Sibos 2017: NPP a marathon, not a sprint
Payments industry participants in countries about to embark on, or in the early days of, real-time and instant payments infrastructure projects should acknowledge that “it doesn’t all have to happen on day one”.
During a session on Australia’s New Payments Platform (NPP), Nigel Dobson, general manager, wholesale digital transformation at ANZ, advised banks to manage the scope of their individual projects very carefully.
“The management of the scope of what we would offer as banks was up to individual institutions,” he said. “However, over time there was convergence on scope as we banks recognised the degree of complexity that has to be managed.”
The NPP is a platform that will operate for between ten to 15 years, he added, and therefore all of the opportunities it affords have time to emerge. “If you communicate clearly with your customers about this, you won’t be penalised,” he added.

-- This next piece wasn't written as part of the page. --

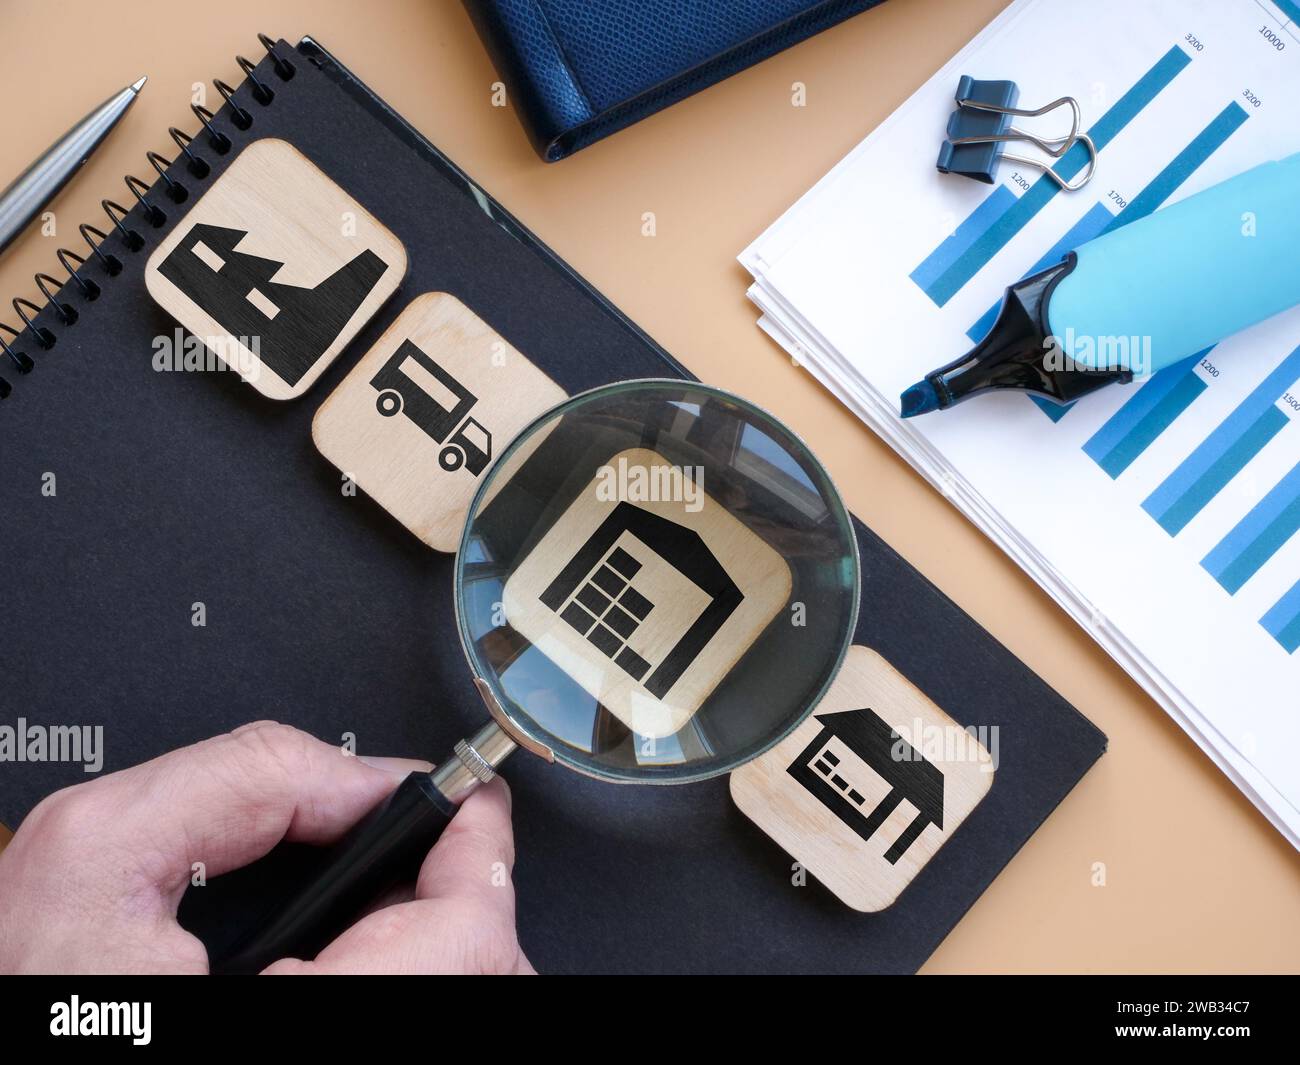 Product supply chain and warehouse. Hand holds a magnifying glass. Stock Photo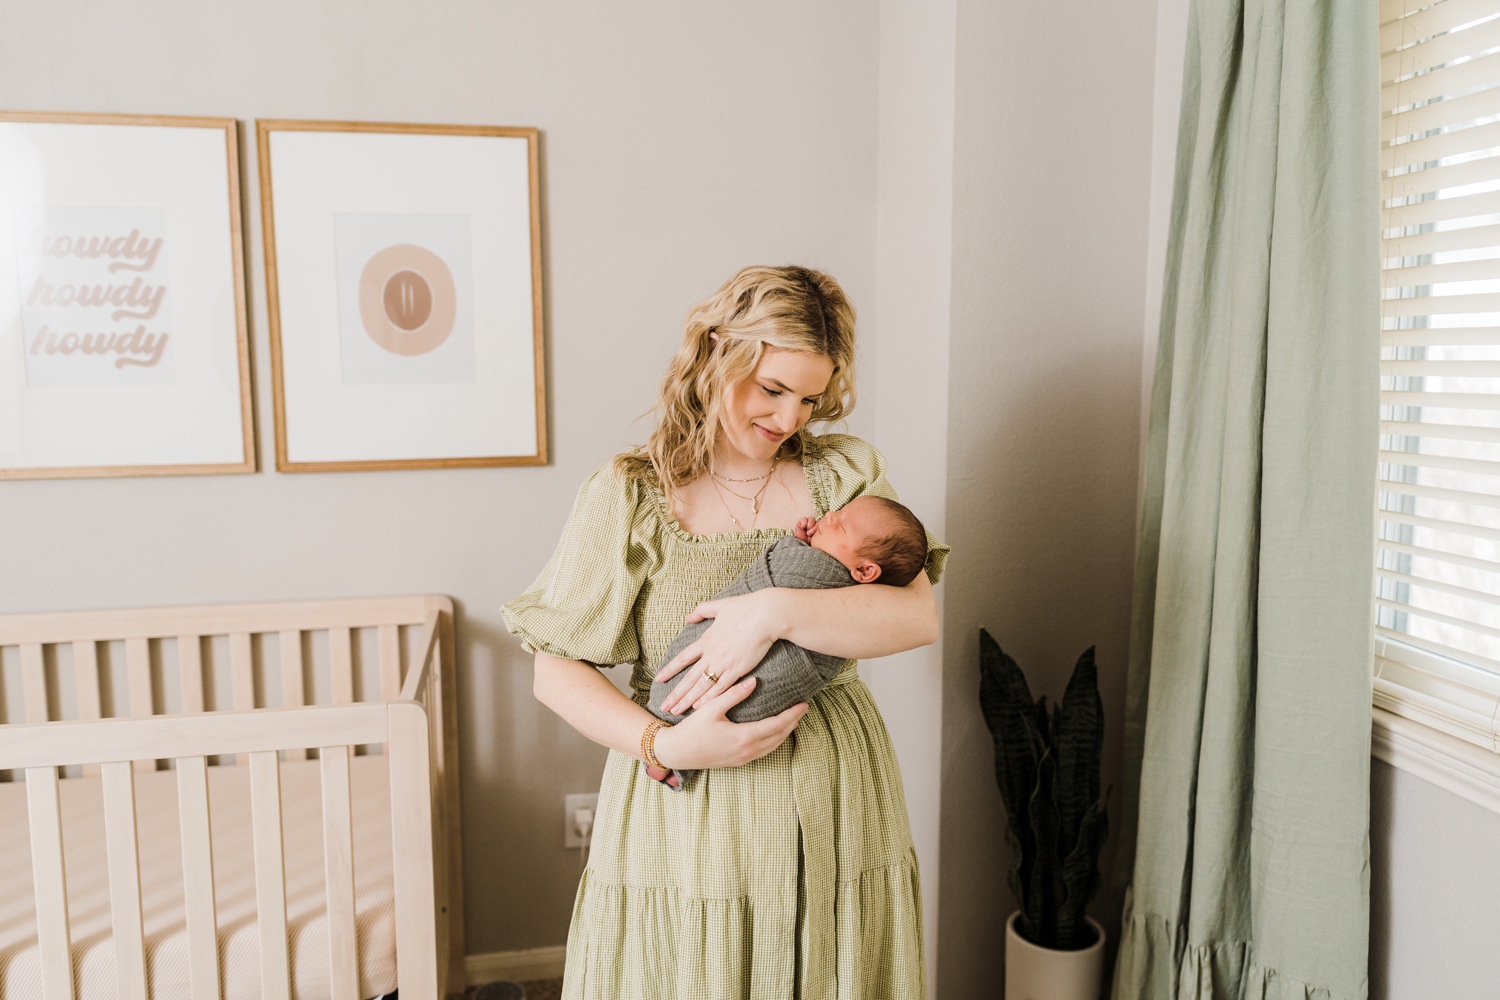 Relaxed In-Home Newborn Session in Neutral Home and Spring Outfits | Dallas Texas Family and Newborn Photographer

Earlier this month, the 13 local banks that set up the NPP announced that faster payments would start around the end of January 2018, after the Australia Day holiday. It is expected that four out of every five bank accounts will be eligible for faster payments, with some accounts held at international and smaller banks to qualify later.
Swift built the messaging infrastructure for NPP, which is based on ISO 20022 standards and will transport rich data along with payments.
Unlike most existing real-time payments systems, NPP will deliver real-time settlement in central bank money, rather than relying on netting. Rachel Slade, executive general manager, deposits and transaction services, National Australia Bank (NAB), said this aspect made NPP unique compared to other markets. The decision to use ISO 20022 was also a differentiator and “very forward-thinking in terms of future interoperability”.
The basic architecture of NPP is separate from an overlay services layer. Said Slade: “We are already thinking of the services we want to develop – and there is a lot of interest from fintechs, which makes this layer very exciting.”
Katrina Stuart, relationship manager at NPP Australia, the company formed to oversee the build and operation of the platform, said the overlay services will enable organisations – fintechs, the NPP participants themselves, or any others – to create tailored services. “We expect a wide range of services to emerge,” she said.
Greg Johnston, managing director of the Reserve Bank of Australia (RBA), said going forward, the central bank is hoping for overlay services that can slice and dice offerings for different customer groups. “This system offers the opportunity to design payment instruments and services that will meet the detailed needs of different customer segments.”
Preparing for NPP and real-time payments in Australia has required investment in the platform – which was shared by participants – but also in banks’ own payment stacks. Asked by session host Carlo Palmers, market infrastructures market manager at Swift, how they would recoup investment, both Dobson and Slade said NPP wasn’t about that.
“I wouldn’t say we think about it in terms of recovering investment. We think that what we have done will provide benefits beyond NPP and beyond NAB. We are modernising our payments infrastructure and will be able to deliver new services to clients,” said Slade.
Dobson agreed, adding that the industry is living in a new, real-time world that cannot be ignored if a bank wants to stay in business. Moreover, this is a fact for banks’ corporate clients, too. “Once instant payments are available, consumers and customers will know that a company has their money, so they will expect instant delivery of the service they have paid for. Everyone must prepare for this and take advantage of the features and functionality that will be available.”
Asked by Palmers if the RBA would have done anything different regarding its involvement in NPP, Johnston said no, before Dobson quipped: “You could have paid for it.”